Actually logs (error, system, job...) is an area I think he could have spoken more about, in Oracle / SAP sphere I regularly check:

a) The Oracle Alert Logs - as an Oracle DBA I am comfortable going through the alert log, this can highlight important database errors (space management problems, database corruptions, file system problems, ...)

b) Within SAP R3 systems, I regularly check the "System Logs" (SM21) and for "Short Dumps" (ST22) - these are tricky to read, however, if you are unsure about a message, you should investigate. Often I check historical the logs - have we seen these message before? Is this a warning or a more routine alert. Ideally your system should be tuned so that routine errors are not reported; for example when running the database checks from SAP, you adjust the check parameters so that only genuine errors are reported. However but this is not always possible.

c) Checking Job Logs (e.g. SM37 in SAP) - Job Logs and abnormal execution times are another useful indicator of performance problems.

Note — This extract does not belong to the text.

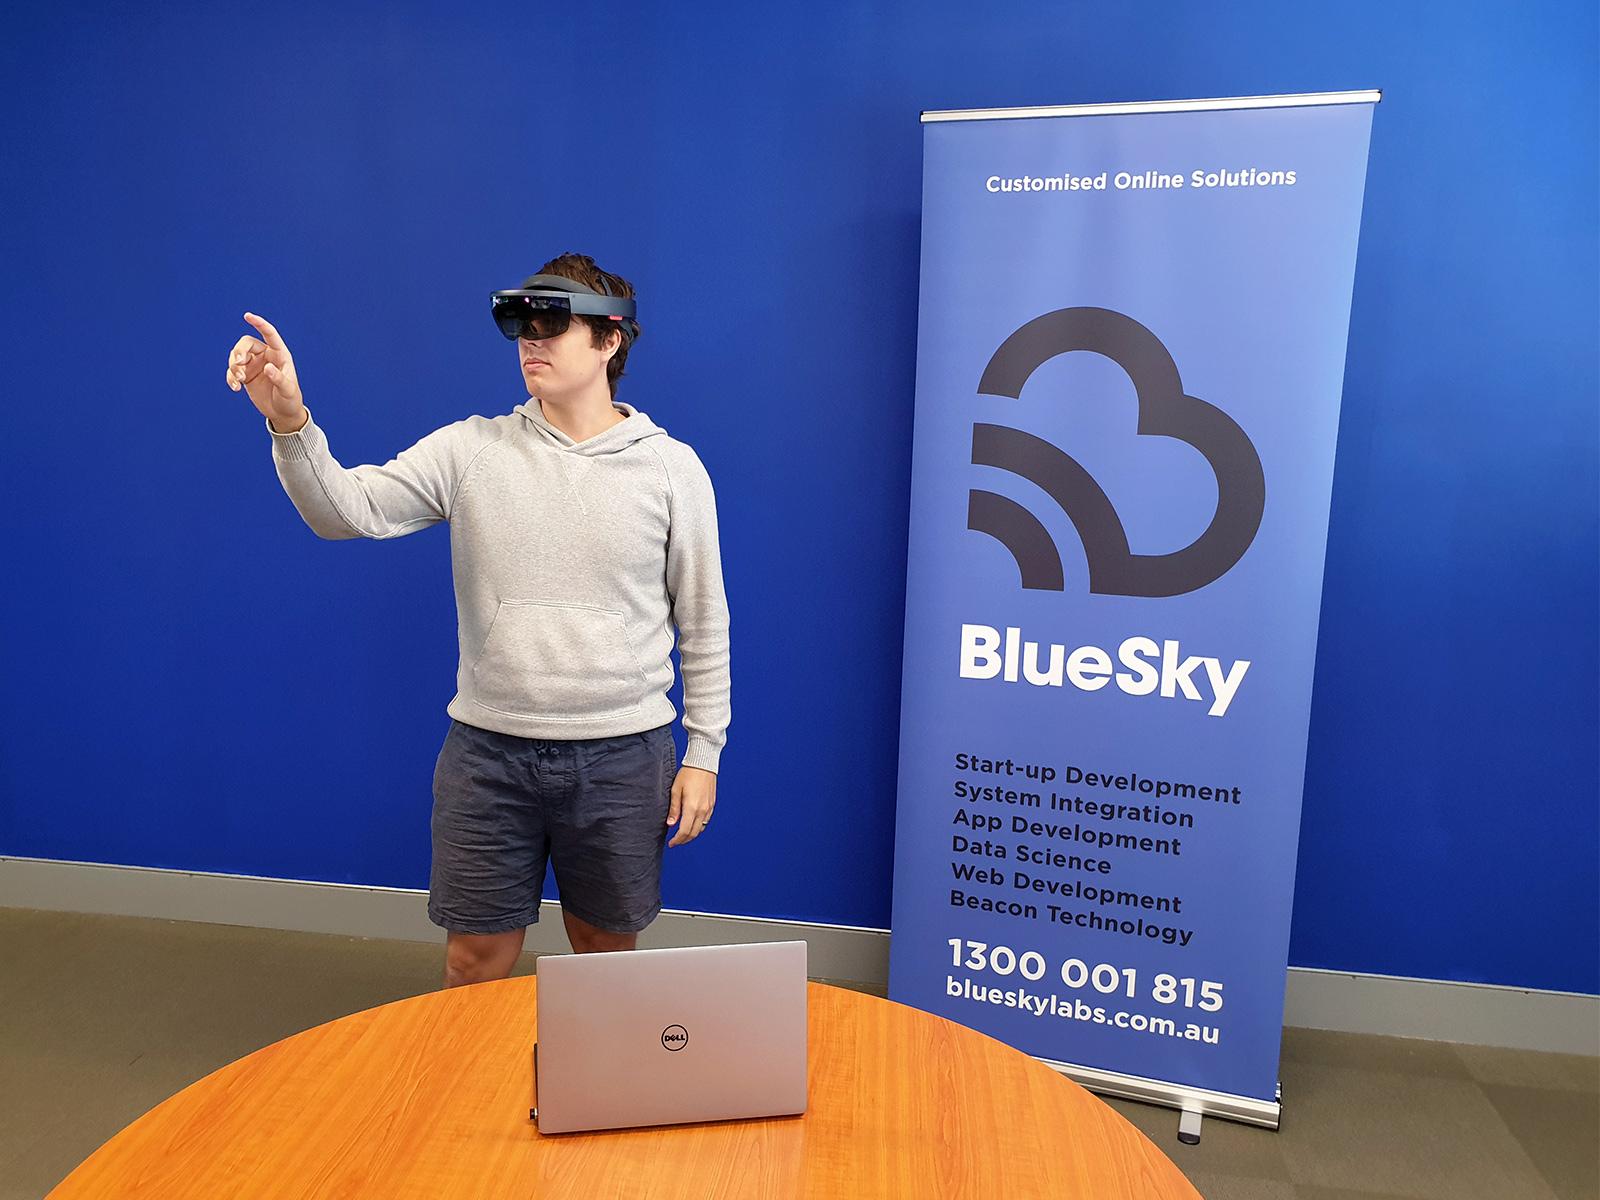 Exploring ideas with Mixed Reality | BlueSky Perth Custom Web + App Development

Batch jobs can also provide a useful benchmark of overall system performance and give an early indication of general performance problems (e.g. stable/routine jobs start taking significantly longer, or certain job perhaps at critical times start taking much longer ...)

At the end of Iain's talk, he went on to tell us how the great automated monitoring and analysis tools which Quest provide will analyse much for this and present the results in a more administrator friendly format. Quest have a strong reputation, their Oracle product TOAD, is very well regarded. Within a SAP system the Central Monitoring (RZ20) allows job to configure a large tree like structure of alerts - with a simple traffic light approach i.e. Red, Yellow or Green. On top of this SAPs Solution Manager product allows you to monitor all your SAP system for a single central location. This sort of functionality is also provided within Oracle by Enterprise Manager.

2) Windows Perfmon/Sysmon (passive background montoring)

I typically associate Perfmon with O/S level statistics (e.g Paging rates/sec, CPU % usage, and Disc Queue Lengths). However Windows Perfmon goes beyond this allowing you to collect metrics specifically for SQL Server.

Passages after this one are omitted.